- DATA EXCERPT:
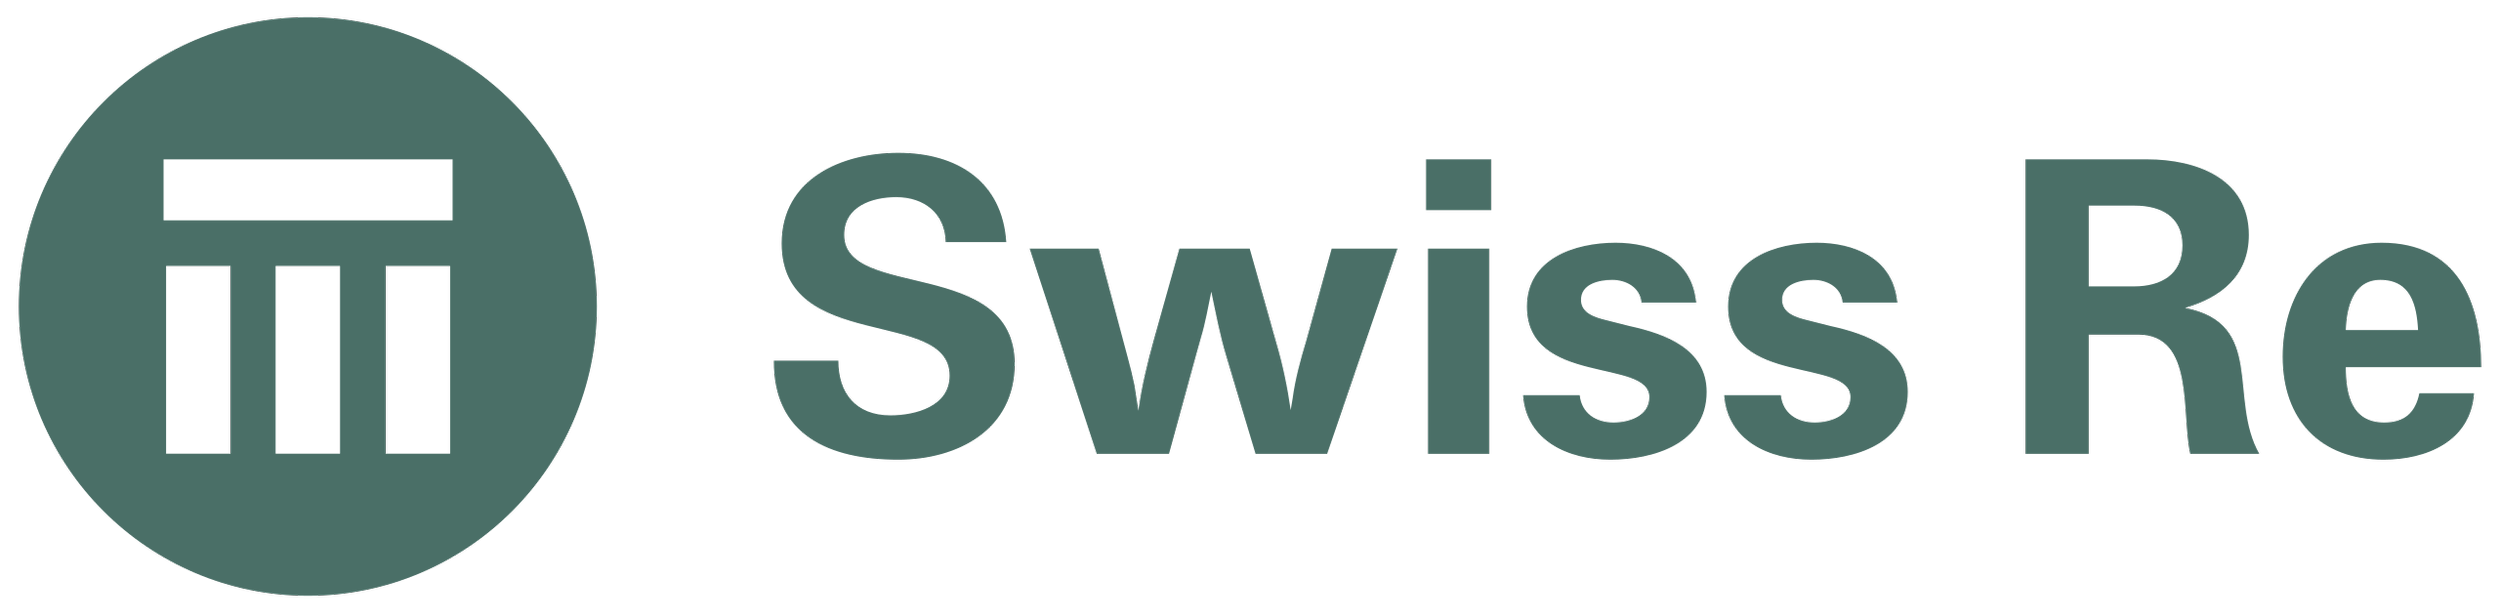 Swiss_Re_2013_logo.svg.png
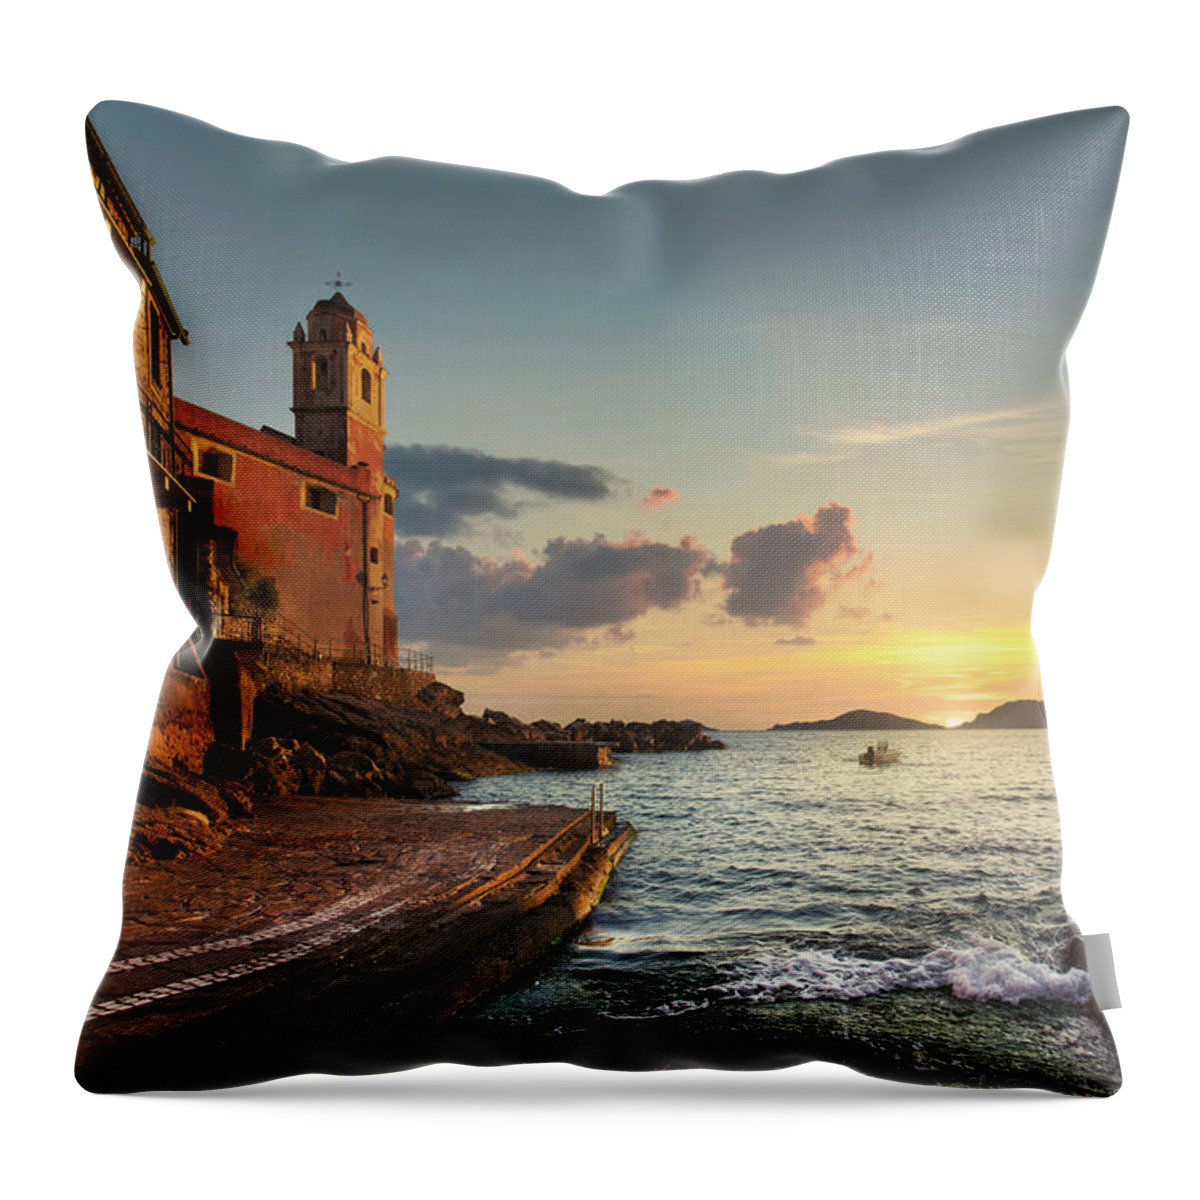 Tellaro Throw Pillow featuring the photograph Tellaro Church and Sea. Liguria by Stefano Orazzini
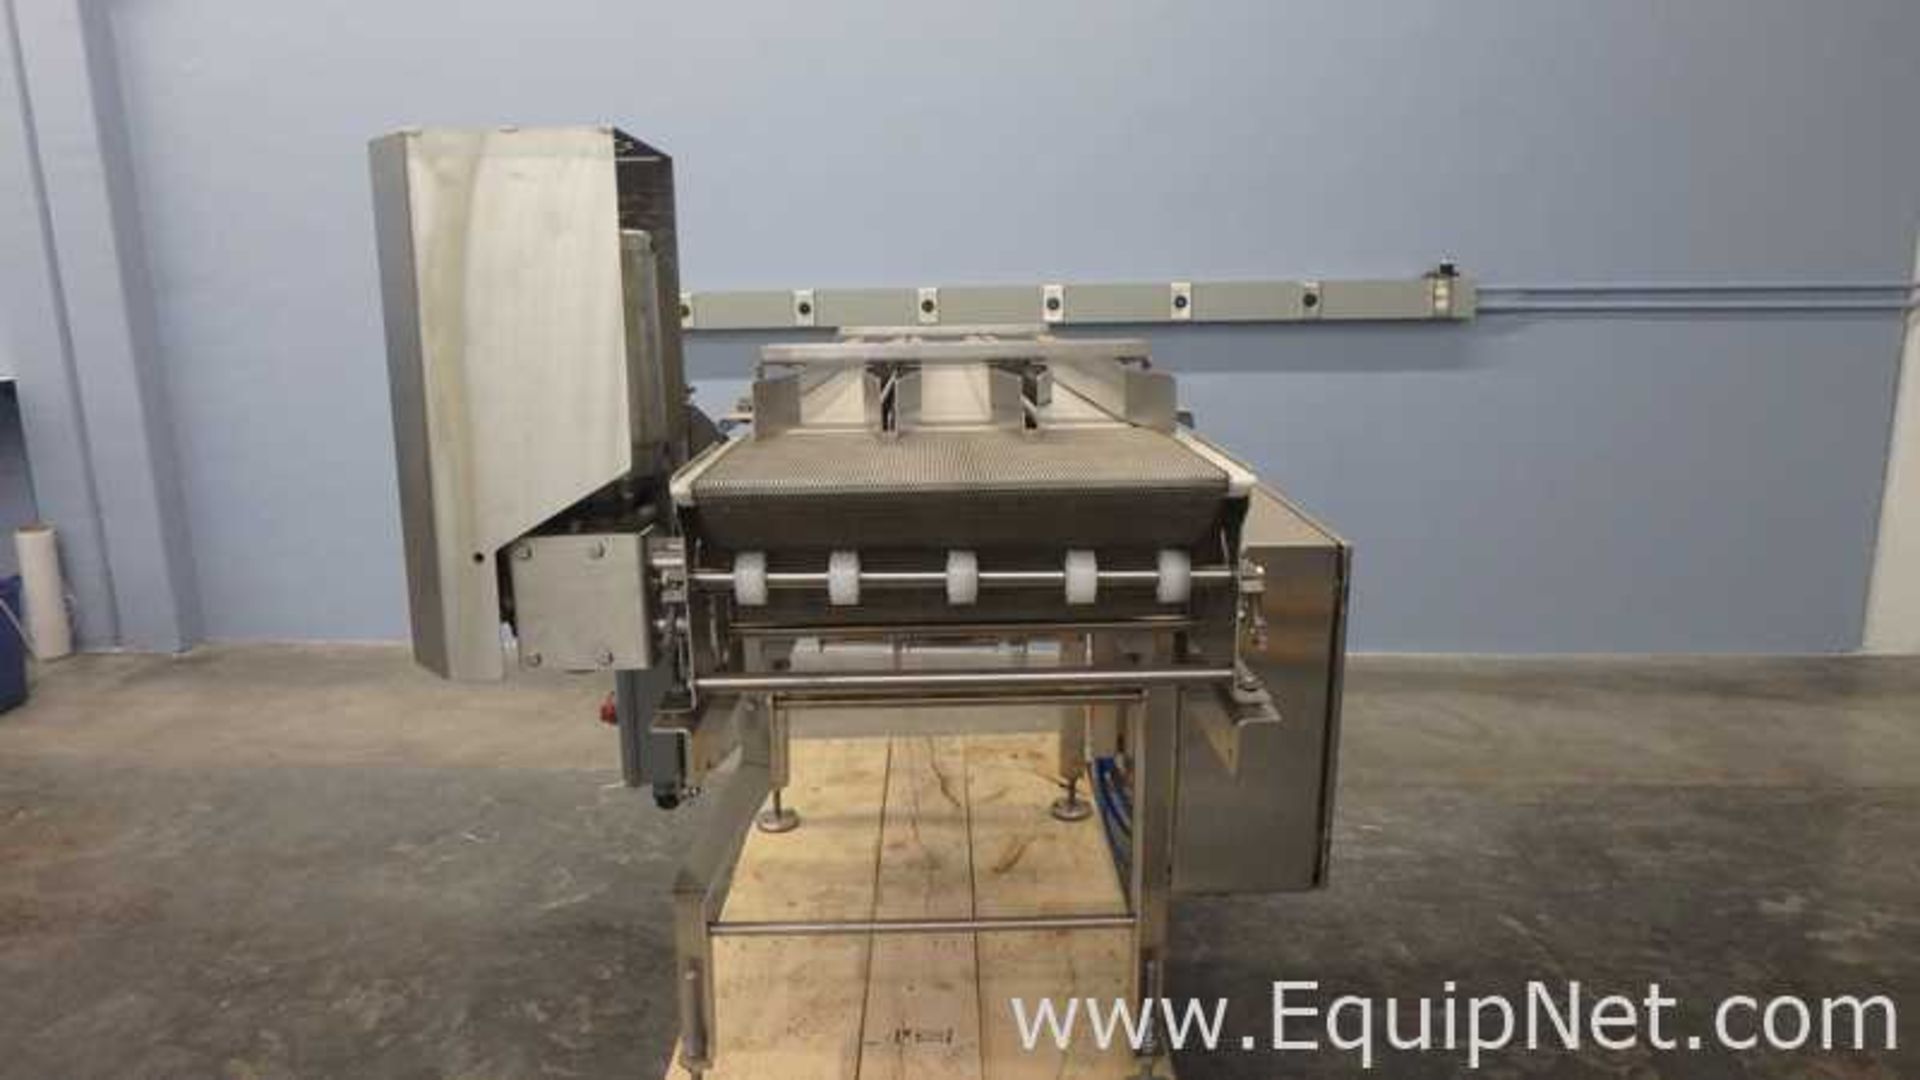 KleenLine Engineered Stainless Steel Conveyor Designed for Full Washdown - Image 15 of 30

- TASK DESCRIPTION: Without the pictures, copy the material exactly as given.

- YOUR RESPONSE:
 Swiss_Re_2013_logo.svg.png
 Tellaro Throw Pillow featuring the photograph Tellaro Church and Sea. Liguria by Stefano Orazzini
 KleenLine Engineered Stainless Steel Conveyor Designed for Full Washdown - Image 15 of 30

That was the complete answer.